Elope If It’s Right for You

Lots of people wrestle over whether or not to elope. Eloping was once considered scandalous, at least if you were upper class and a lot was riding on your marriage. Today, marriage is more of an emotional bond as opposed to a political contract. Elopement is definitely going to work better for some people.

Maybe you want to elope because you’re interested in a straightforward marriage ceremony. Maybe you want to elope because you don’t like the thought of a big wedding. In that case, I say go for it. You don’t owe anyone a big wedding, even if they say you do.
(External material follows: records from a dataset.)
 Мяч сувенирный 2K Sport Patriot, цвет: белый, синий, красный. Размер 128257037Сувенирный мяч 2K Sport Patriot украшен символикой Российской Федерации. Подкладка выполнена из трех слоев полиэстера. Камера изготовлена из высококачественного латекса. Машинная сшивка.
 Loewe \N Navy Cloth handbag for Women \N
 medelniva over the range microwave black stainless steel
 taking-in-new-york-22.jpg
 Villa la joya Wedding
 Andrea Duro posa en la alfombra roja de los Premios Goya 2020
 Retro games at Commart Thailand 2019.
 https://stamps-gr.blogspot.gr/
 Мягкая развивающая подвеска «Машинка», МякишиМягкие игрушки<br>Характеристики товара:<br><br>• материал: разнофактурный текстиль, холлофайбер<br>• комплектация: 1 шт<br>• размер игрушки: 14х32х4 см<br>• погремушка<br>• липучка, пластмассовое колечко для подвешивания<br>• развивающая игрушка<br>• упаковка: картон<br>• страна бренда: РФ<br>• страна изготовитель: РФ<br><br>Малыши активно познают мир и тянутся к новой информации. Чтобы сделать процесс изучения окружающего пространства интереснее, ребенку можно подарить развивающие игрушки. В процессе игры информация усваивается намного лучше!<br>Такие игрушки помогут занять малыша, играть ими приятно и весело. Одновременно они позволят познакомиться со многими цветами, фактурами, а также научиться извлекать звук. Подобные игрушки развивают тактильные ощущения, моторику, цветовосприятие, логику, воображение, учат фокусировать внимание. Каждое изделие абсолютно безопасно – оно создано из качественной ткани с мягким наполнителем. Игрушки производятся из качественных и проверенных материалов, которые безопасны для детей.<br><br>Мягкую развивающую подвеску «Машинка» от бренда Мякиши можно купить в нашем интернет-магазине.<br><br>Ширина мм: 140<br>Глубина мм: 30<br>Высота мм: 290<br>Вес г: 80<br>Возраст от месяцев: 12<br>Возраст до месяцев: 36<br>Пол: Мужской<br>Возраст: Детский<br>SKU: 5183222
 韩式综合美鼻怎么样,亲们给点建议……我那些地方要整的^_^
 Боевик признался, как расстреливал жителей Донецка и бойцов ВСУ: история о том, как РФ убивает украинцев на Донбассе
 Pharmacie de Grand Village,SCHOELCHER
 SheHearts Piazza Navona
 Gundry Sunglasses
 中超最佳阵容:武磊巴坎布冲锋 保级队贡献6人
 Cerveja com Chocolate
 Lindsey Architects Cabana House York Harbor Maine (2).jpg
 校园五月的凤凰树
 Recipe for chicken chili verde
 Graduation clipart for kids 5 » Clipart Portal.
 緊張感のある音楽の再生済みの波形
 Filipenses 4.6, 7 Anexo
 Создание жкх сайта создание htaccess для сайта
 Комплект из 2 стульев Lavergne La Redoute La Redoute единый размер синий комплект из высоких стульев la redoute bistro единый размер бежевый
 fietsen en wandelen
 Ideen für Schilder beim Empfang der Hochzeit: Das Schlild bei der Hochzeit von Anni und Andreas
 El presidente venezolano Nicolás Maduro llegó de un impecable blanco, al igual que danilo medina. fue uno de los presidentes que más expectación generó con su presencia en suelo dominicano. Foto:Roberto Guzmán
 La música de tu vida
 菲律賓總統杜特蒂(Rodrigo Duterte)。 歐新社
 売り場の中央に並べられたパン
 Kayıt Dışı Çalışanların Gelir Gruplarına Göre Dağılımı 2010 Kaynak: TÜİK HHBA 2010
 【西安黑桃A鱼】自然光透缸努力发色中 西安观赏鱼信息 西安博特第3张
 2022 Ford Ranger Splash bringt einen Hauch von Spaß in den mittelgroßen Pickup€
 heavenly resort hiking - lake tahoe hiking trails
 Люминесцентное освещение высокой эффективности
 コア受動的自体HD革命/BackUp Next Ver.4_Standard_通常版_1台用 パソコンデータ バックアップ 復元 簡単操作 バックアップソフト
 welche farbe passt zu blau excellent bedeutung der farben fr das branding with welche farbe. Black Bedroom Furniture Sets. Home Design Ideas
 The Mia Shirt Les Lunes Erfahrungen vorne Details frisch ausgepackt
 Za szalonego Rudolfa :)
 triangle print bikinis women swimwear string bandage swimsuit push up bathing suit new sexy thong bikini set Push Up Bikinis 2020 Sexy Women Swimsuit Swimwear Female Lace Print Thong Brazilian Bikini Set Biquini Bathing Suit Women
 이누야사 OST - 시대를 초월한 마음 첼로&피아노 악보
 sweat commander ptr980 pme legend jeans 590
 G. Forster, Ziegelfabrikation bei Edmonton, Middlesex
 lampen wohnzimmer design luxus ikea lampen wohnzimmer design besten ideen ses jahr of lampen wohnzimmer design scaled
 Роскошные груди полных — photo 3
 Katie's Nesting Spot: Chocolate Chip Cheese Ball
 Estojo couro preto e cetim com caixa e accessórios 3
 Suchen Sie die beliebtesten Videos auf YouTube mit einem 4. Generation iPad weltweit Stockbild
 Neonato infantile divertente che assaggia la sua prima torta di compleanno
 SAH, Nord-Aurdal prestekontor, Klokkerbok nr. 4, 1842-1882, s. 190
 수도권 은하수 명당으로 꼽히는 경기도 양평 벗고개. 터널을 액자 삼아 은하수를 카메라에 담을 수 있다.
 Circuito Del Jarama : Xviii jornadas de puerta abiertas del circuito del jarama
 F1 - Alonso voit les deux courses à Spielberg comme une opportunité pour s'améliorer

If you want to elope because you’re trying to avoid having to deal with your in-laws, that’s understandable. Obviously, it’s going to depend on the situation a lot. However, I’m still going to say that you should usually go with it. It’s your marriage, not theirs. If they’re going to ruin the wedding, you should stop them. They might be upset about it, but it’s possible that they’d be upset anyway. If it’s just a matter of choosing what they’re going to be upset about, then I still think you should make your wedding your own.

Obviously, you know your in-laws better than I do, and you know your situation. Sometimes placating them for one day is the right way to go, and sometimes you’re better off trying to slip beneath their notice. Everyone’s in-laws are different, and we weren’t all blessed with loving and understanding ones.

You may have the sort of in-laws that are going to give you embarrassing memories that you’ll have to live with for years, in which case, you’re better off eloping for the sake of your wedding album alone. If you have loving in-laws, you may regret it if you elope. However, your loving in-laws will want you to follow your bliss, which may not include a big and traditional wedding.

On the plus side, your in-laws will probably help you out more financially if you do decide to go with a traditional marriage. On the other hand, if you elope, you may not even need the help in the first place. Everything is a cost and benefit analysis, and I say weigh the pros and cons in favor of elopement.